# Jupiter now has a permanent record



## CactusWren (Nov 4, 2018)

So every morning I play fetch with Jupiter in the park on a 100 ft line. I also recently got one of the Chuck-Its with a cord attached, to mix it up and try to increase his engagement.

I think he got a little too engaged.

On Wednesday morning, he missed the ball and got my hand, sinking his canine deep in my little finger. Blood spurted out and I had to go home and clean it up. I guess it wasn't too bad, but I did get a little woozy looking at it! Unfortunately, the wound started to swell and throb over time, and this morning I went to get it looked at and it's infected. Got a tetanus shot and antibiotics.
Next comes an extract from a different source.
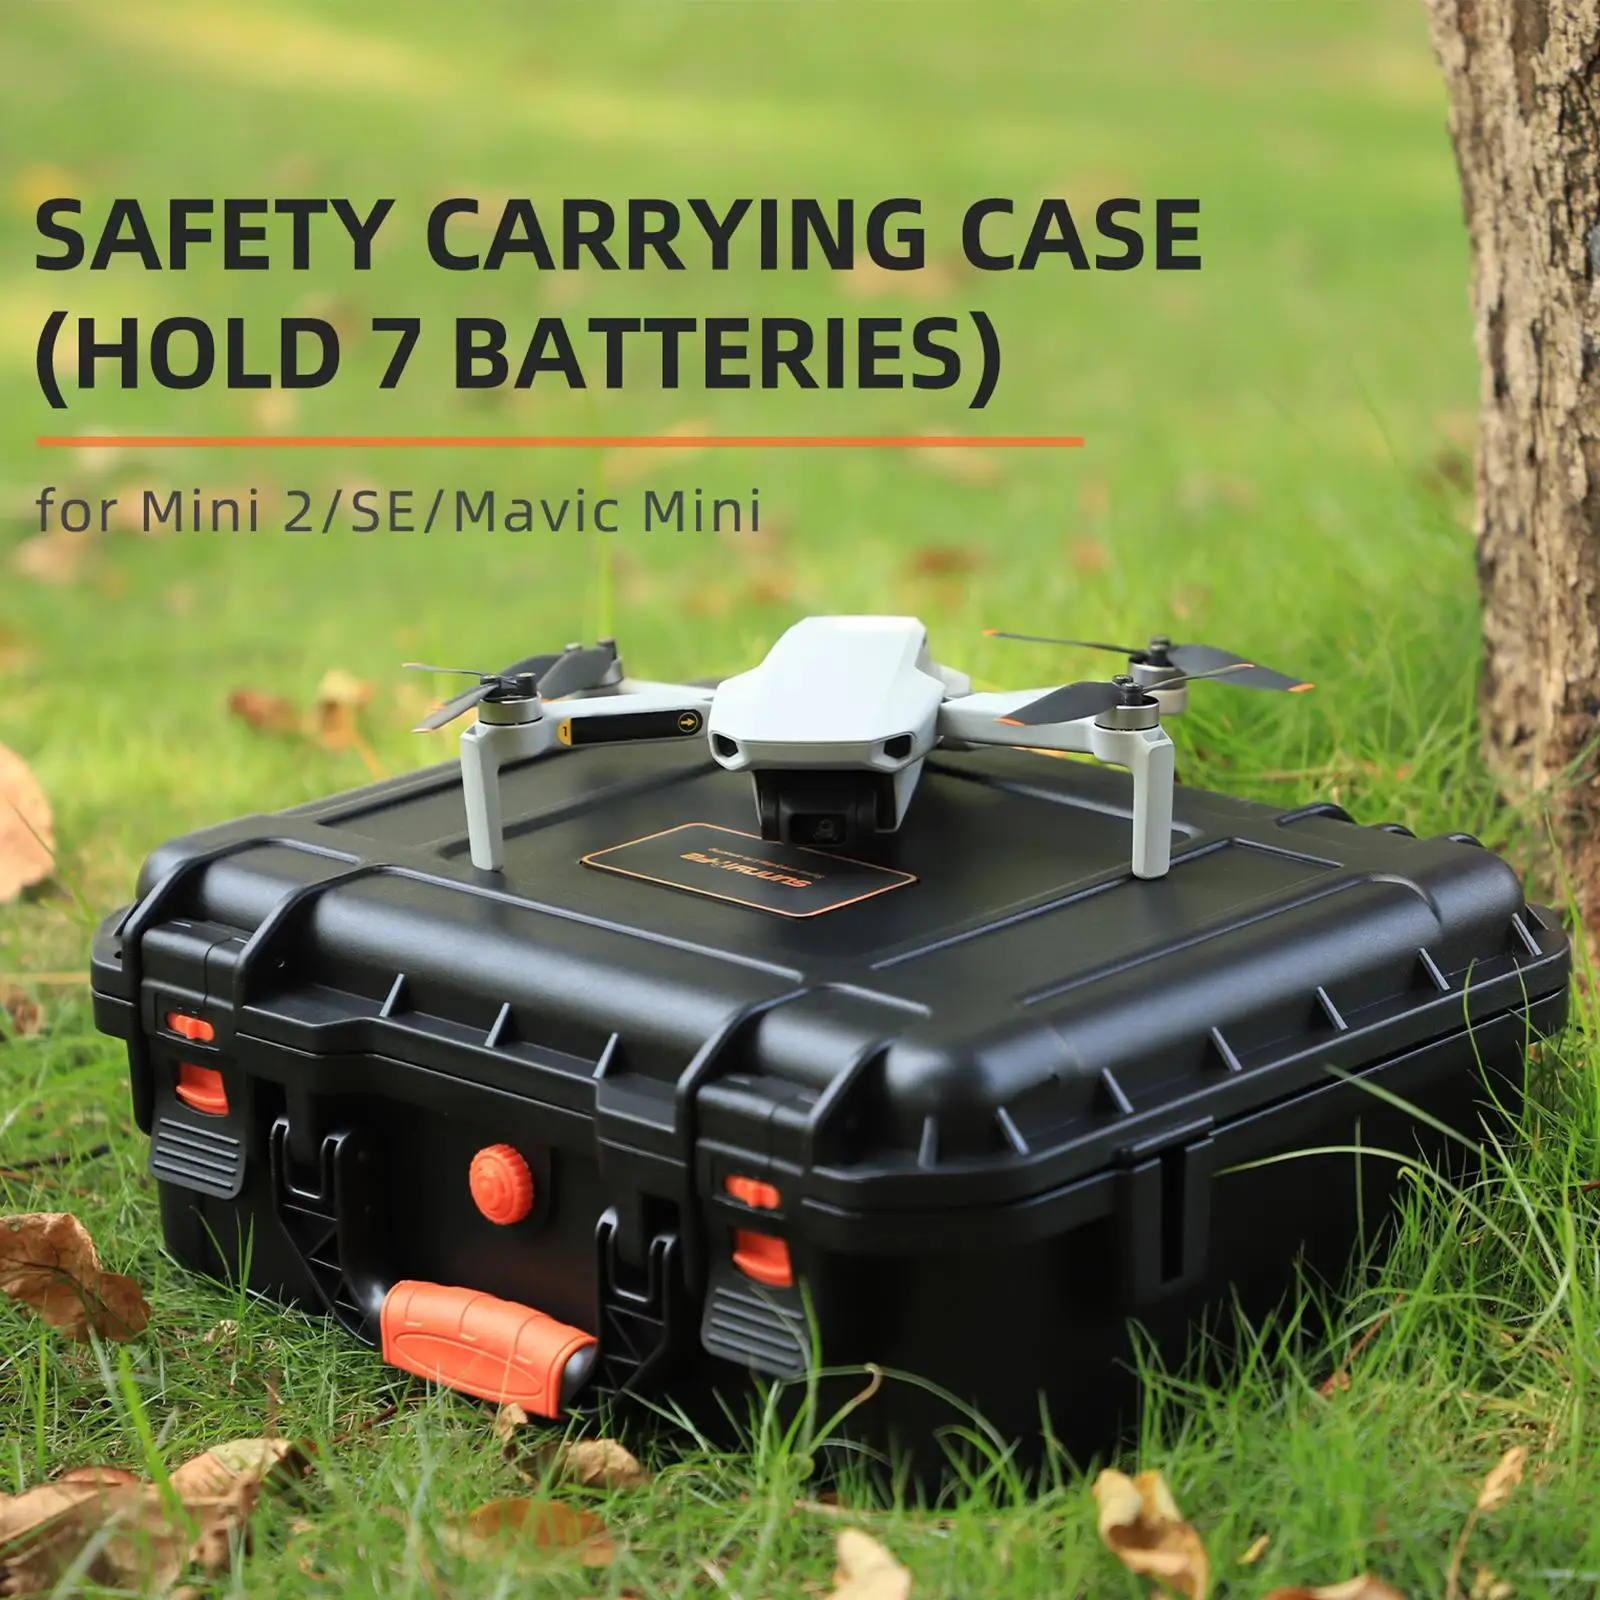 Drone Carrying Case Storage Case Travel Case Drone Carrying Handbag for Accessories

But here's the thing: apparently the nurse had to report Jupiter to the government because it was a dog bite. So they're going to contact me, and I guess even though it was an accident (well, I think it was), he's going to be in the system. I guess that's one strike.


----------



## Steve Strom (Oct 26, 2013)

Next time say it was an old nail in a fence.


----------



## Cassidy's Mom (Mar 30, 2003)

I expected that to happen when I was running a flyball teammate's dog at practice and she missed her tug and got my arm instead. I went to urgent care and got 8 stitches. I was surprised that they cleaned it and stitched me up and didn't ask any further questions, even though I did tell them exactly what happened since dog bites can carry a high risk of infection.


----------



## Jax08 (Feb 13, 2009)

Just explain the situation. Don't get to worried about it. The nurse doesn't get a say whether the dog is in the system or not.  The AC does.


----------



## middleofnowhere (Dec 20, 2000)

You train dogs, you work dogs, you are in dog service type business, you get bit once in a while. A person I trained with in Arkansas used to say "Keep your hands out of the dog's mouth!" Very unlikely your dog will have a record. ...


----------



## Sabis mom (Mar 20, 2014)

CactusWren said:


> So every morning I play fetch with Jupiter in the park on a 100 ft line. I also recently got one of the Chuck-Its with a cord attached, to mix it up and try to increase his engagement.
> 
> I think he got a little too engaged.
> 
> ...


That can't be right. I routinely use the stray cat/abandoned farm or guess there was a nail in that excuses, but I have told them occasionally that it was my dog. Nothing ever came of it at all. Missed the ball is pretty common.


----------



## Magwart (Jul 8, 2012)

Sabis mom said:


> I routinely use the stray cat/abandoned farm



The only thing to be cautious of with "stray cat" and "unknown loose dog" as an explanation is that you might end up with pressure to get a series of post-exposure rabies vaccine injections, depending on whether there have been local cases. They're quite expensive in the U.S. (with insurance coverage hit and miss...as with most healthcare down here). The county health department people can be part of the pressure to get them....how much pressure depends on the county/state. It could be anything from a mild recommendation at the clinic and nothing more, to multiple visits to your house insisting that it get done.


----------



## Saco (Oct 23, 2018)

Barbed wire, blackberry thorns, sharp rock.


----------



## germanshepowner (Oct 26, 2018)

I’m so sorry! I can’t believe that nurse. ? It’s your own dog and it was an ACCIDENT. I’d probably leave my dog at a friends house for a few days because I wouldn’t want it on my dogs record.


----------



## Jchrest (Jun 5, 2019)

Here’s the thing. One strike on his record is nothing but a first strike. 3 strikes, and he is labeled as a “dangerous dog,” which means he will need to be muzzled when out in public. Unless you don’t have proof of rabies Vaccinations, then they impound for 10 days, but same outcome, until a 3rd bite, it’s nothing. 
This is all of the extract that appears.